As the permeability of concrete is a function of w/c ratio and it’s curing, concrete with high w/c ratio and inadequately cured will have more carbonation, i.e., the depth of carbonation will be more.

It has been observed that if pores are filled with water, the rate of diffusion of CO2 is very slow. But whatever amount of CO2 is diffused, it is converted into dilute carbonic acid readily and the alkalinity of the concrete is reduced. On the other hand, if pores are dry, i.e. the relative humidity is low the carbon dioxide remains unchanged in gaseous form and does not react with hydrated cement. The moisture penetration from external source is necessary for carbonation of concrete.

The highest rate of carbonation takes place at a 50 to 70% relative humidity. The rate of carbonation depth is slower in case of stronger concrete as it is less permeable and much denser with low w/c ratio. Further the permeability of the skin concrete is much less for low w/c ratio and the diffusion of carbon dioxide takes place at a very slow rate than the more permeable concrete of high w/c ratio. Fig.17.4 and Table 17.9 show the depth of carbonation of different grades of concrete.

Now it is well established that for longer durability of concrete it needs protection. The Long span bridge girders, industrial structures, fly-overs and chimney etc. need protective coating. It has been observed that in case of protective concrete the depth of carbonation remained constant at 4.0 mm from 3 years to 25 years age, where as in case of un-protective concrete the depth of carbonation continuously increased more or less at a constant rate from 4.0 mm to 11.5 mm in 3 years to 25 years age as shown in Fig. 17.5.

The depth of cover plays an important role in protecting the steel from carbonation. Table 17.10 shows the relation between w/c, depth of cover and time in years for carbonation to reach the reinforcement.

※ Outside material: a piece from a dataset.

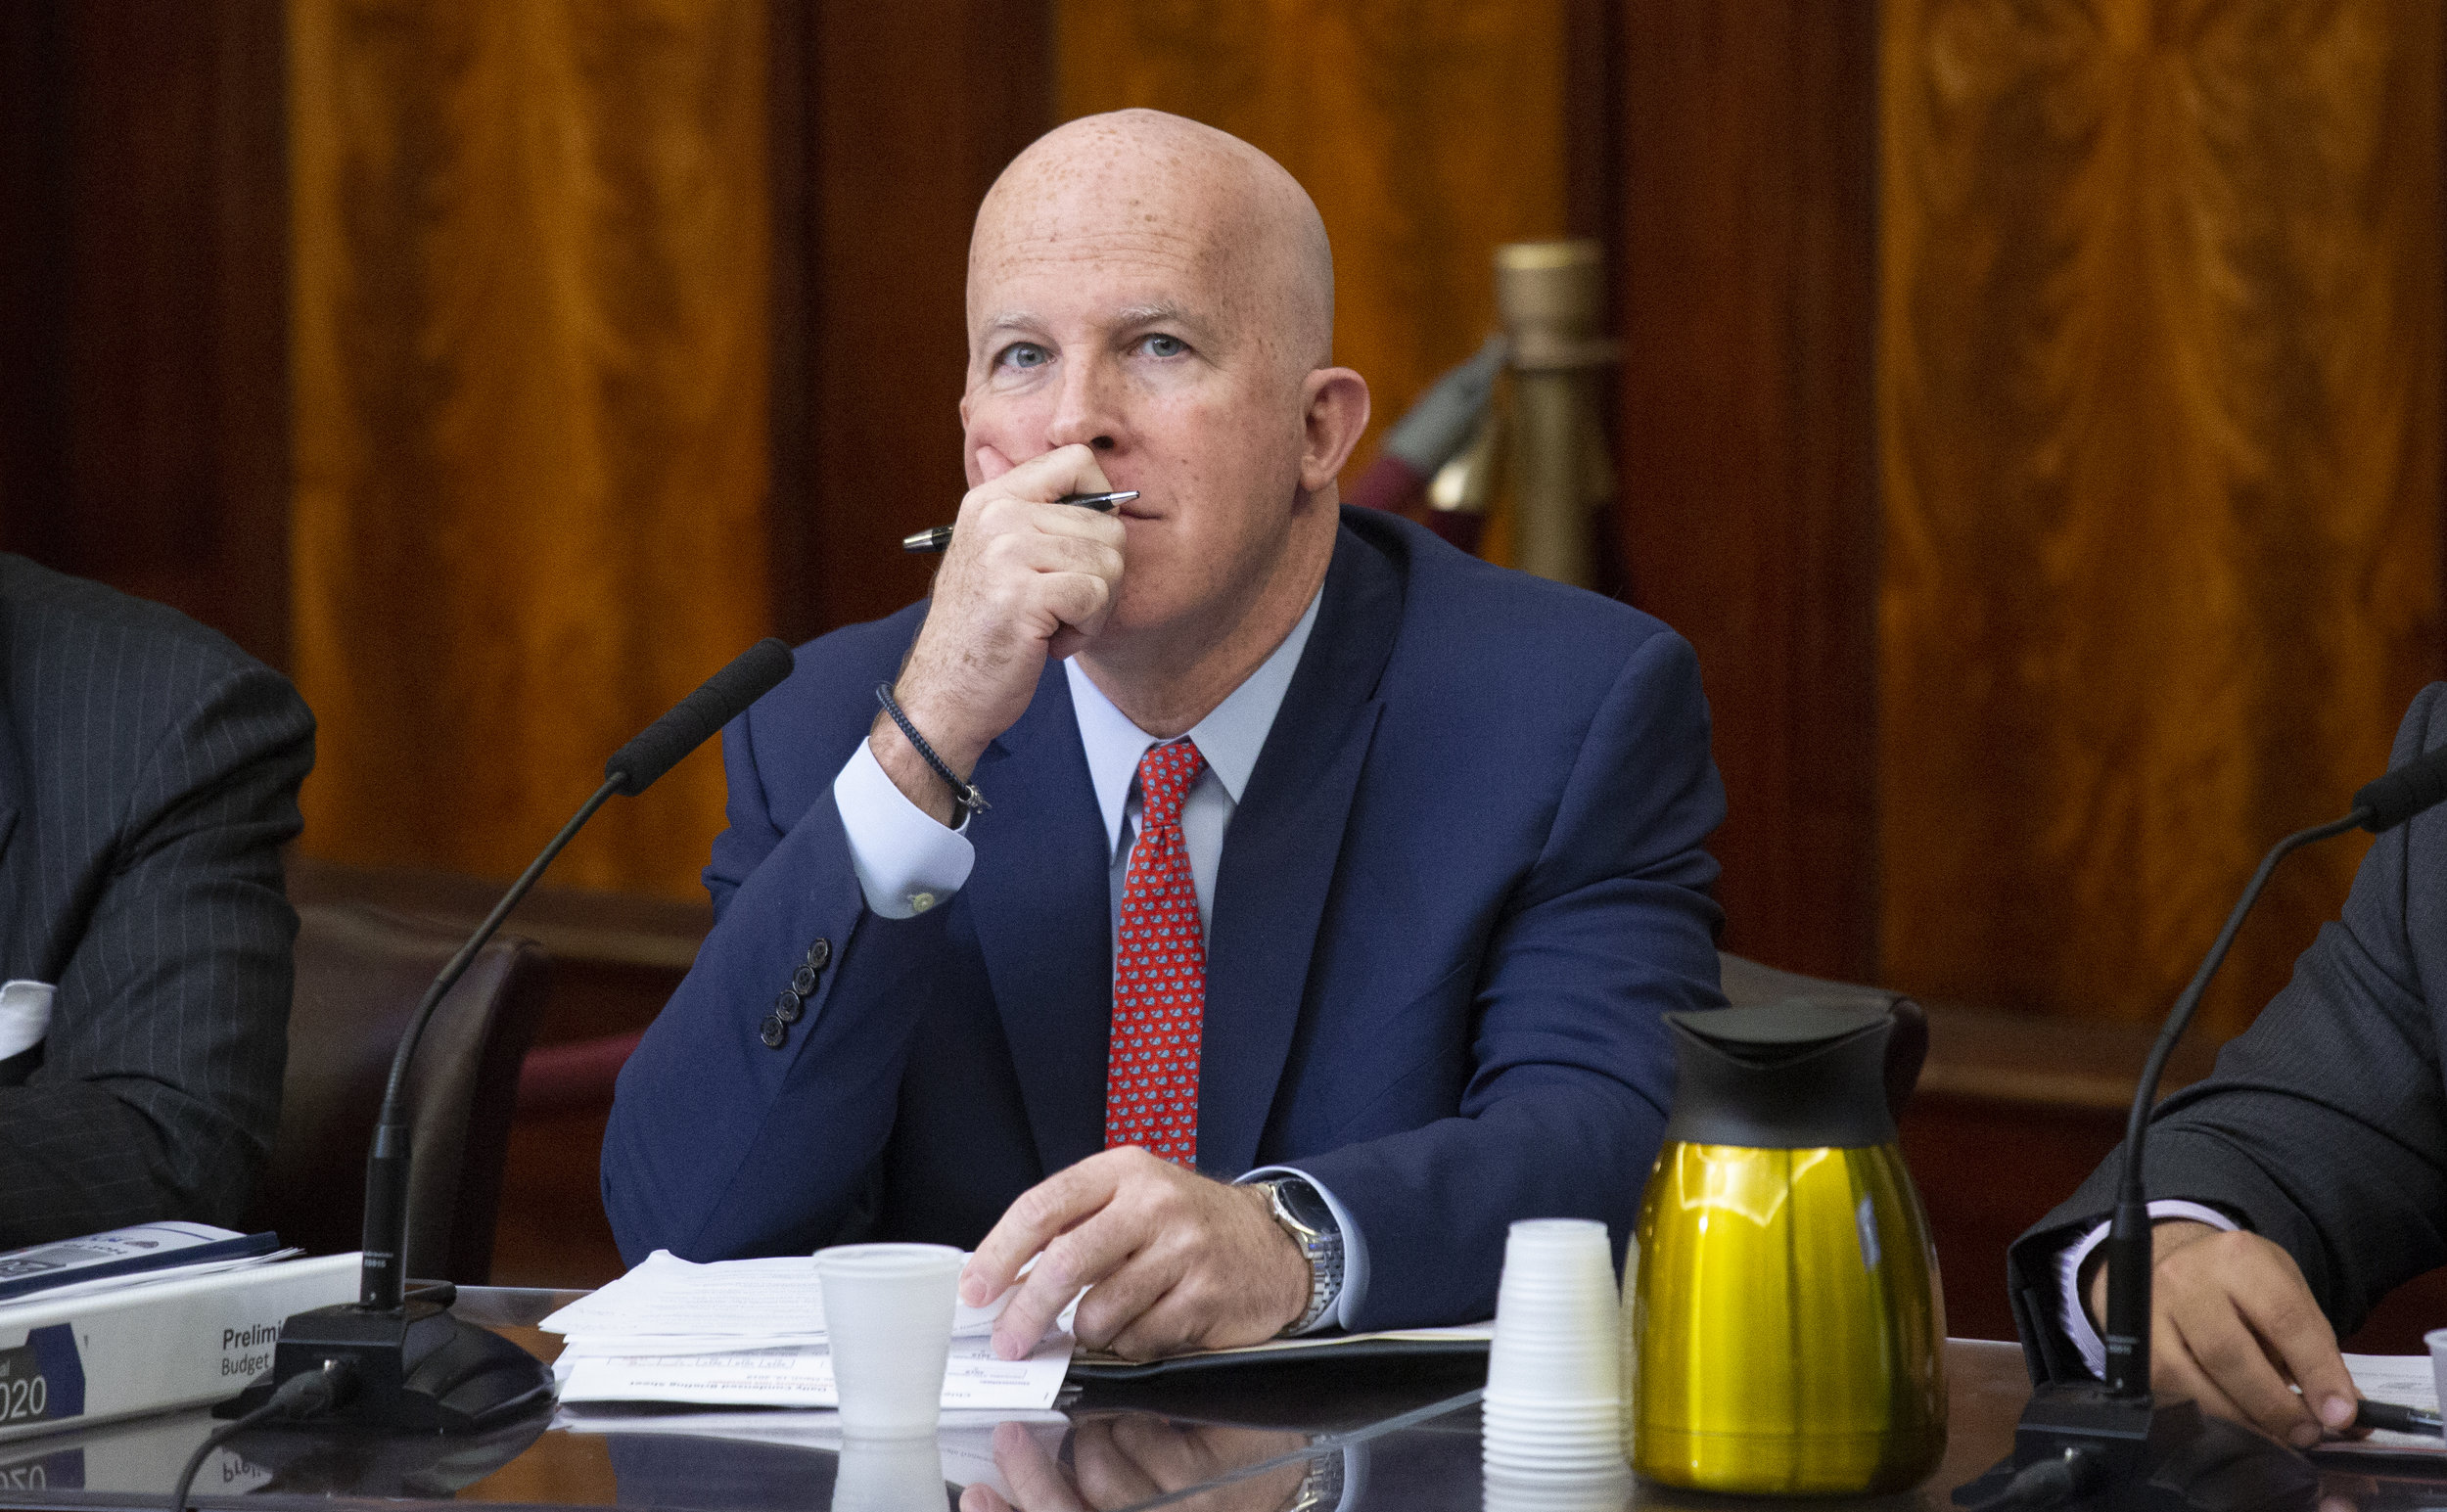 Police Commissioner James O'Neill Testifies Before The New York City Council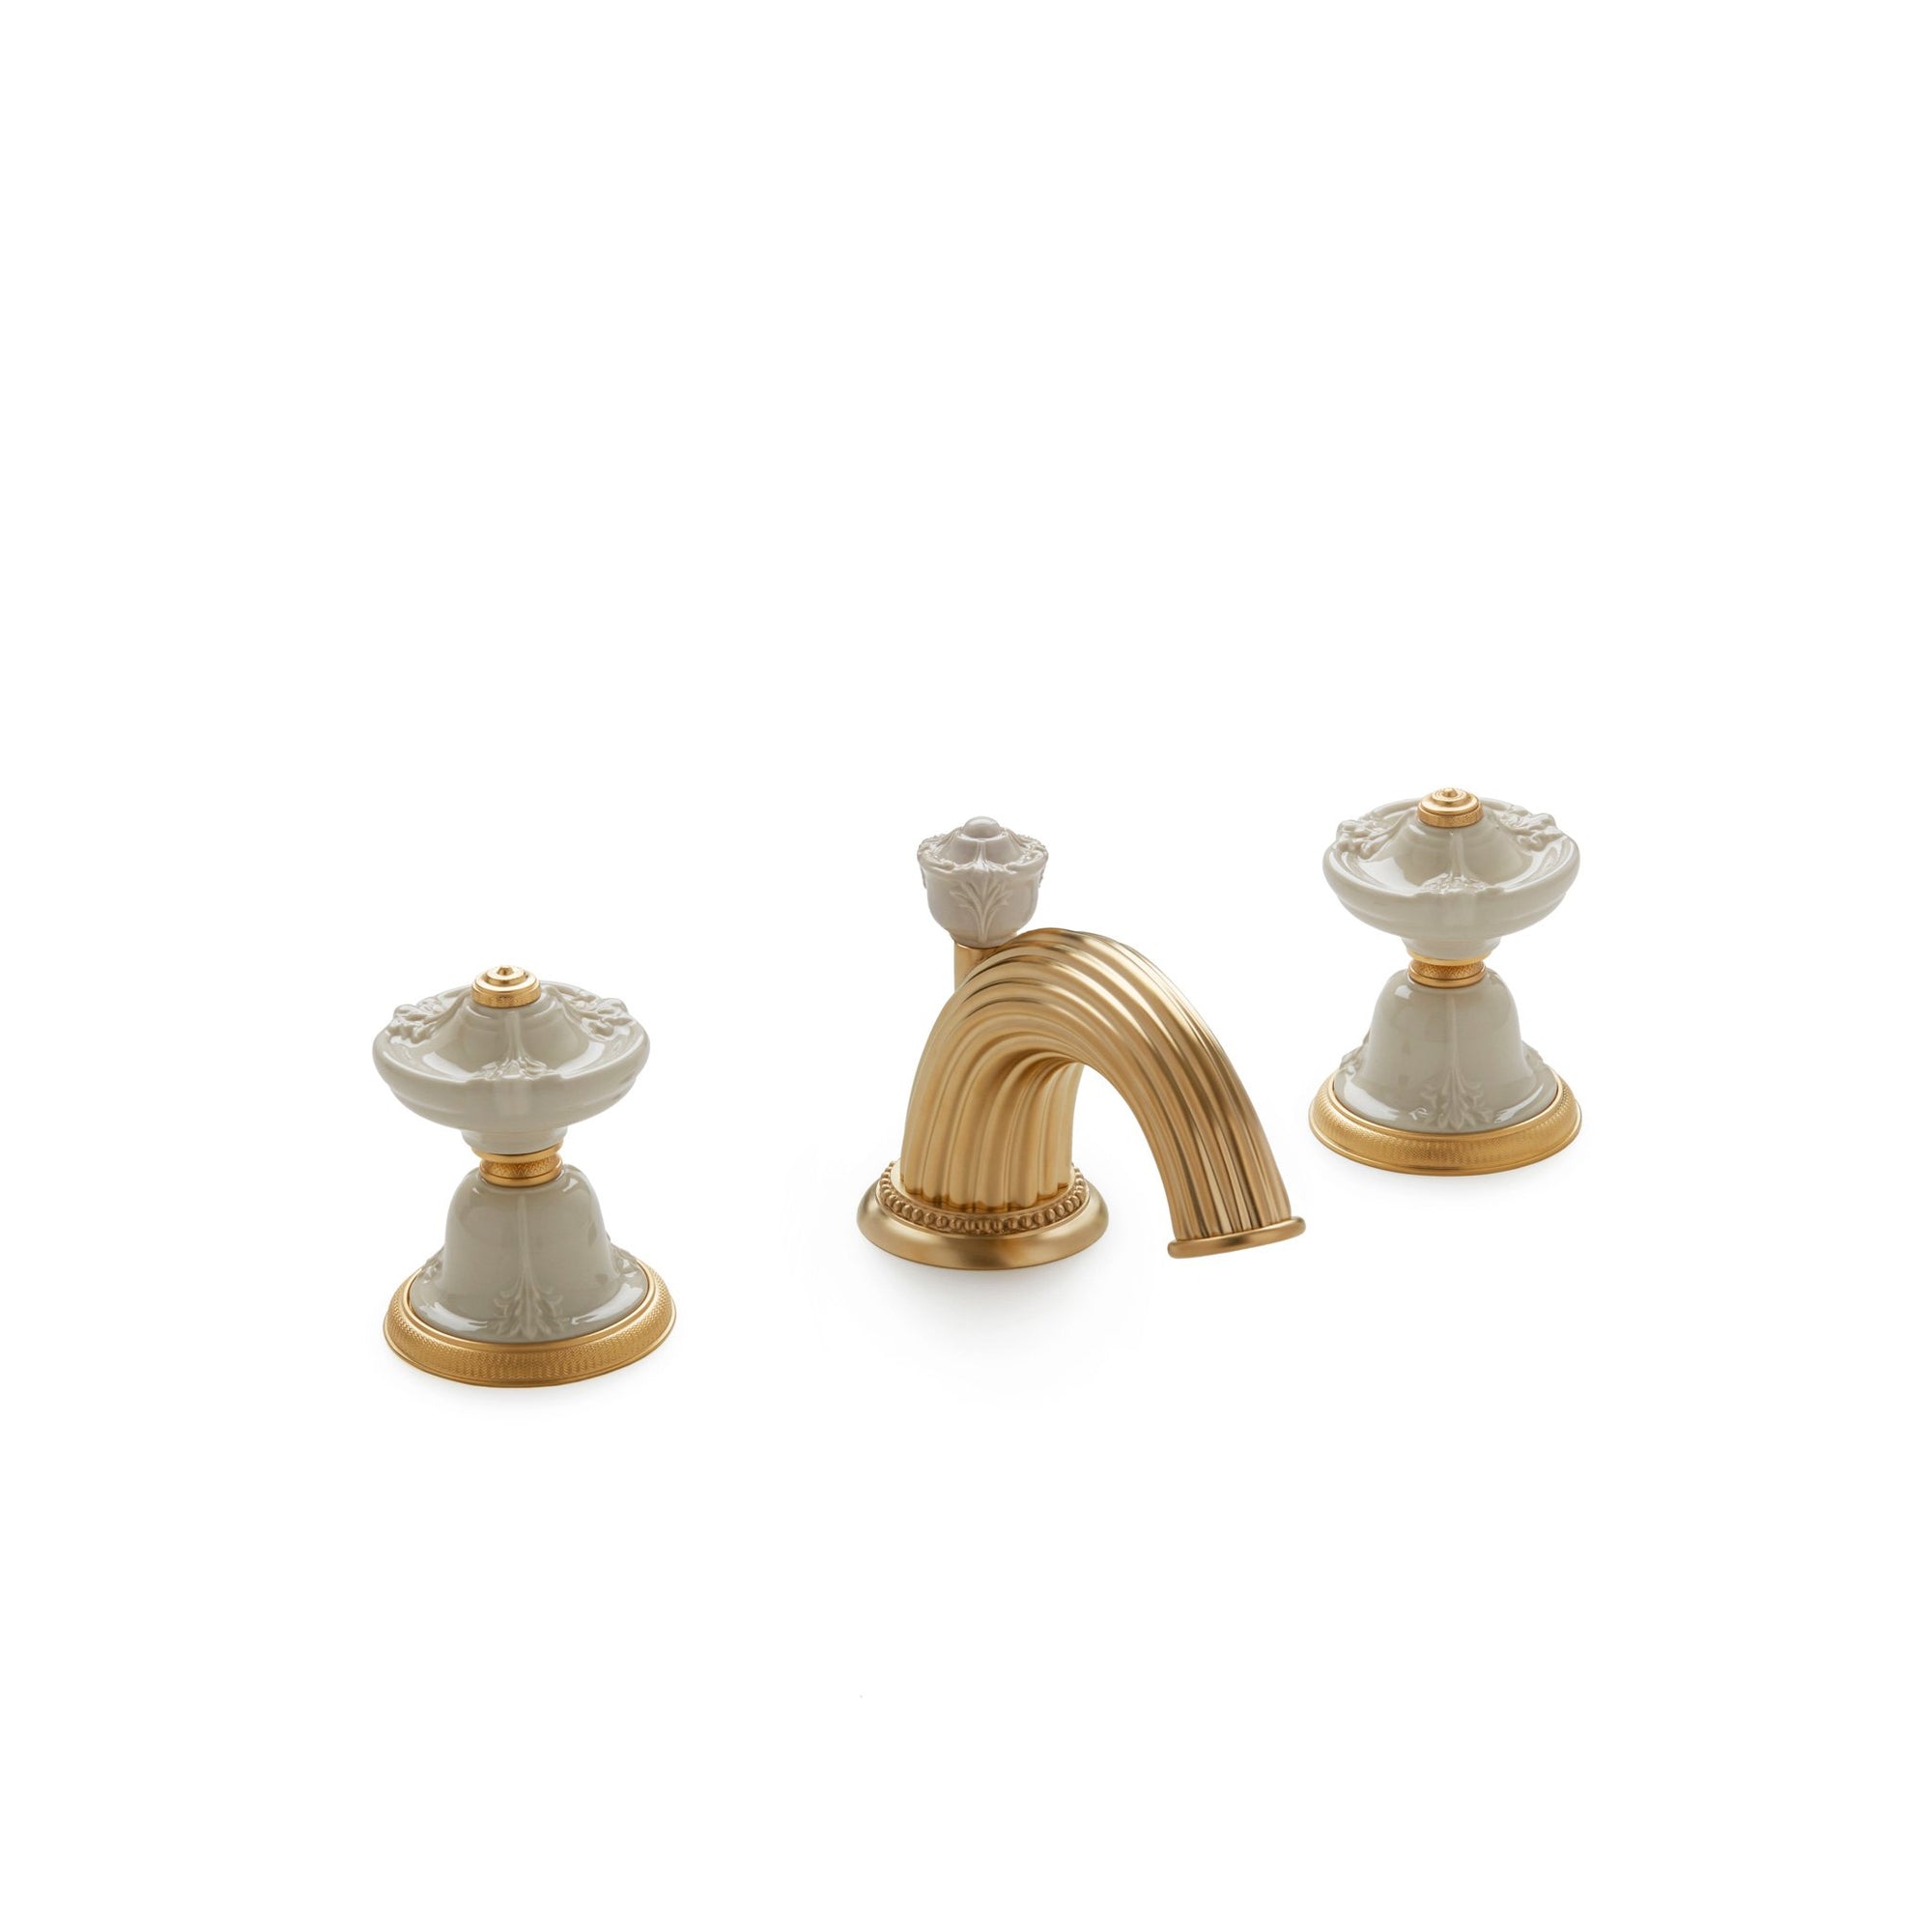 1097BSN813-04SD-GP Sherle Wagner International Provence Ceramic Knob Faucet Set in Gold Plate metal finish with Sand Glaze inserts

Measurement of Carbonation:

For establishing the extent of carbonation, following simple and most common method may be used.

Method:

A freshly broken concrete surface is treated with a solution of phenolphthalein in dilute alcohol. If there is no reaction of calcium hydroxide Ca(OH)2 with carbon dioxide CO2, the colour of the concrete will turn pink i.e. if the colour turns to be pink, there is no carbonation of concrete. In case there is no charge in the colour of concrete, the carbonation of concrete has taken place. The pink colour indicates that there is enough amount of Ca(OH)2, but it might have been carbonated to a lesser extent. The pink colour will be there even upto a pH value of about 9.5.